Compounding does not happen in the model

This is where the analogy to the time value of money becomes useful, if used carefully.

In finance, compounding does not come from the asset itself, but from time, reinvestment, and discipline. The same is true here.

The compounding with LLMs does not happen in model weights, release cycles, or benchmarks. It happens in the user:

  • in the ability to articulate intent clearly,
  • in the shared language that develops over time,
  • in the accumulation of decisions, constraints, and context,
  • in the reduction of friction from one interaction to the next.

Each interaction slightly improves the next one, not because the system learns intrinsically, but because the user learns how to work with it.

That learning compounds.

Why starting early matters more than choosing correctly

Looking back, the advantage I gained had little to do with technical sophistication. It came from starting early enough to make mistakes when the stakes were low, to experiment without clear playbooks, and to slowly build fluency.

This is exactly how capital works. You cannot recover missed years of compounding by contributing more later. Late adopters can catch up on tools, but they cannot fully catch up on fluency.

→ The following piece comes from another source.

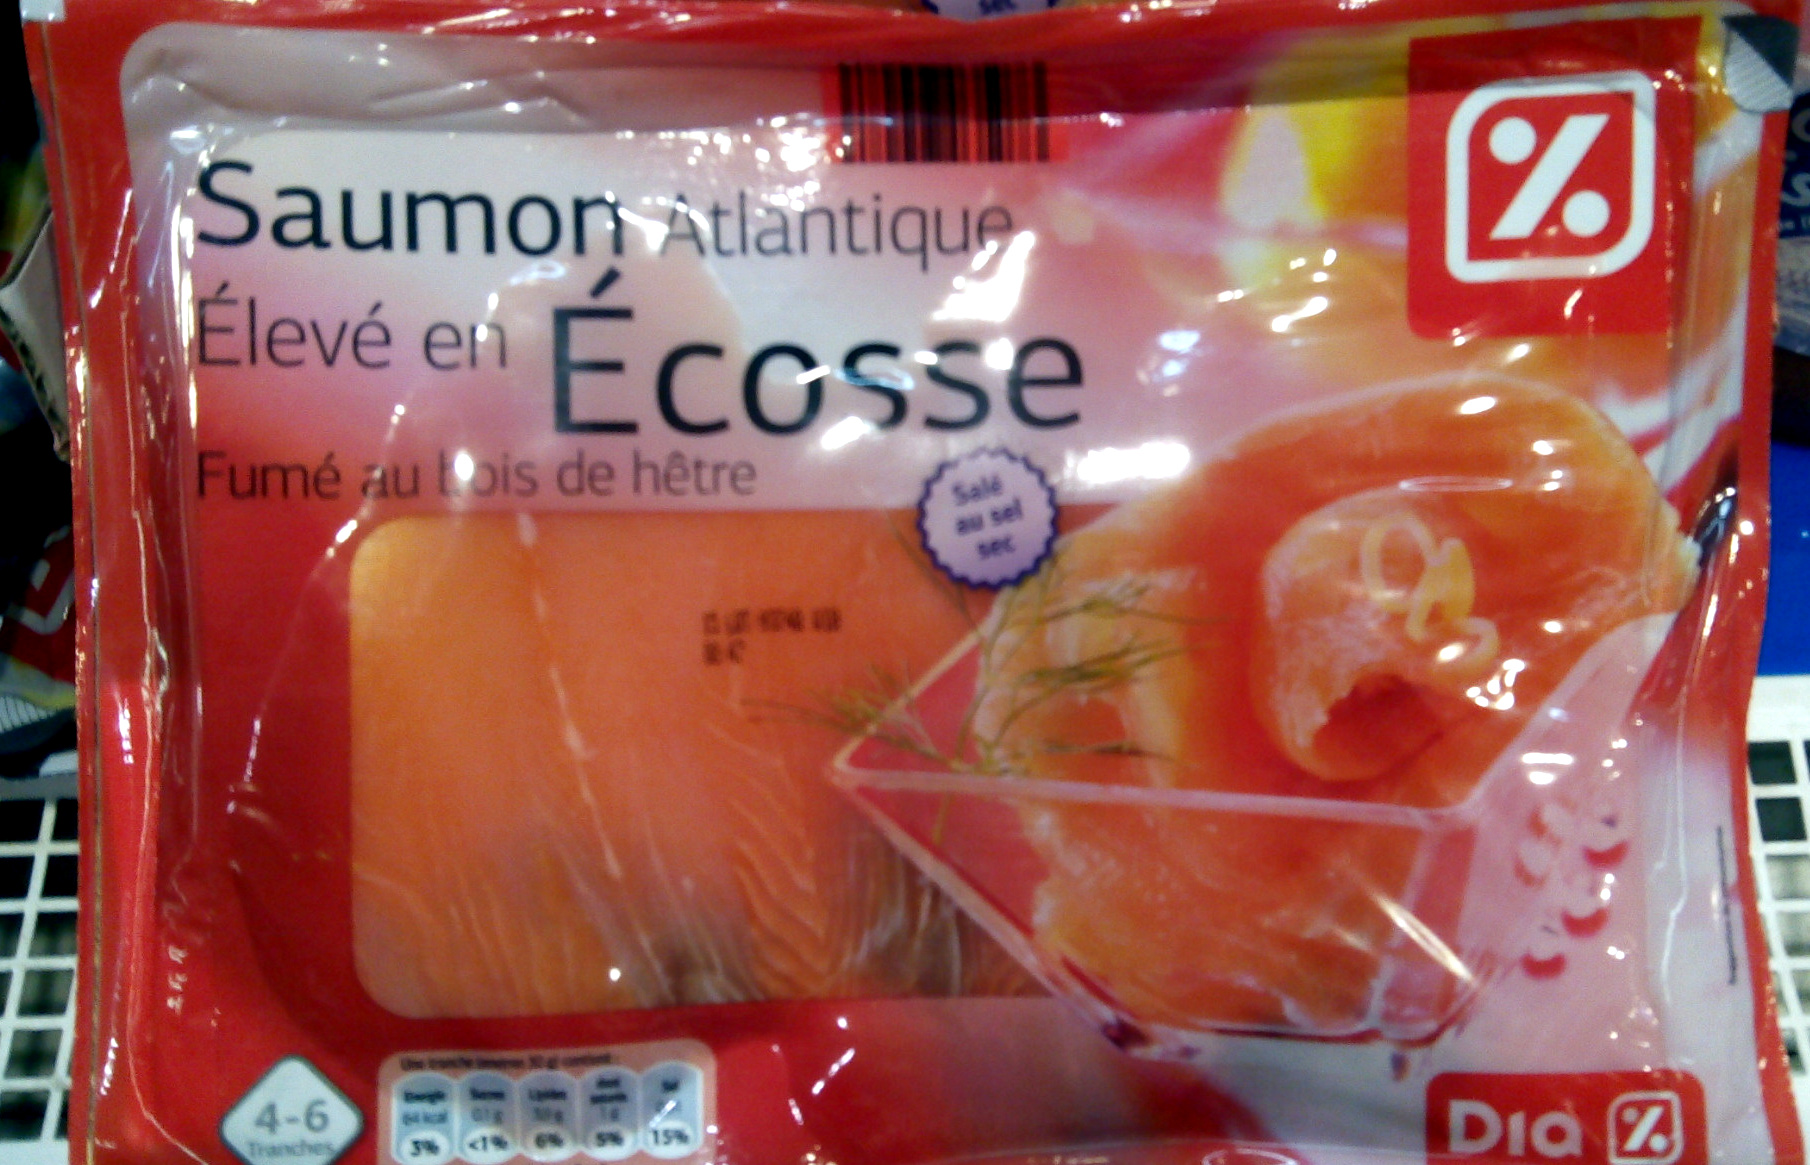 Saumon atlantique élevé en écosse 4-6 tranches - Product - fr

The opportunity cost is invisible, which is why it is often ignored.

Good news for users

This perspective is quietly good news for users. It means that LLMs do not obsolete judgment, thinking, or experience. They amplify them. The limiting factor is not access to intelligence, but the ability to structure, communicate, and reuse it over time.

In that sense, the future does not belong only to those building ever smarter models. It also belongs to those who learn, early and consciously, how to think with these systems.

A closing thought

We do not know how LLMs will evolve. The research frontier is real, and the best minds will not stop pushing it. But uncertainty about the future does not negate the compounding available in the present.

Used episodically, LLMs deliver episodic value. Used deliberately over time, they behave more like capital.

As with capital, the hardest part is not optimization, but starting early enough for compounding to matter.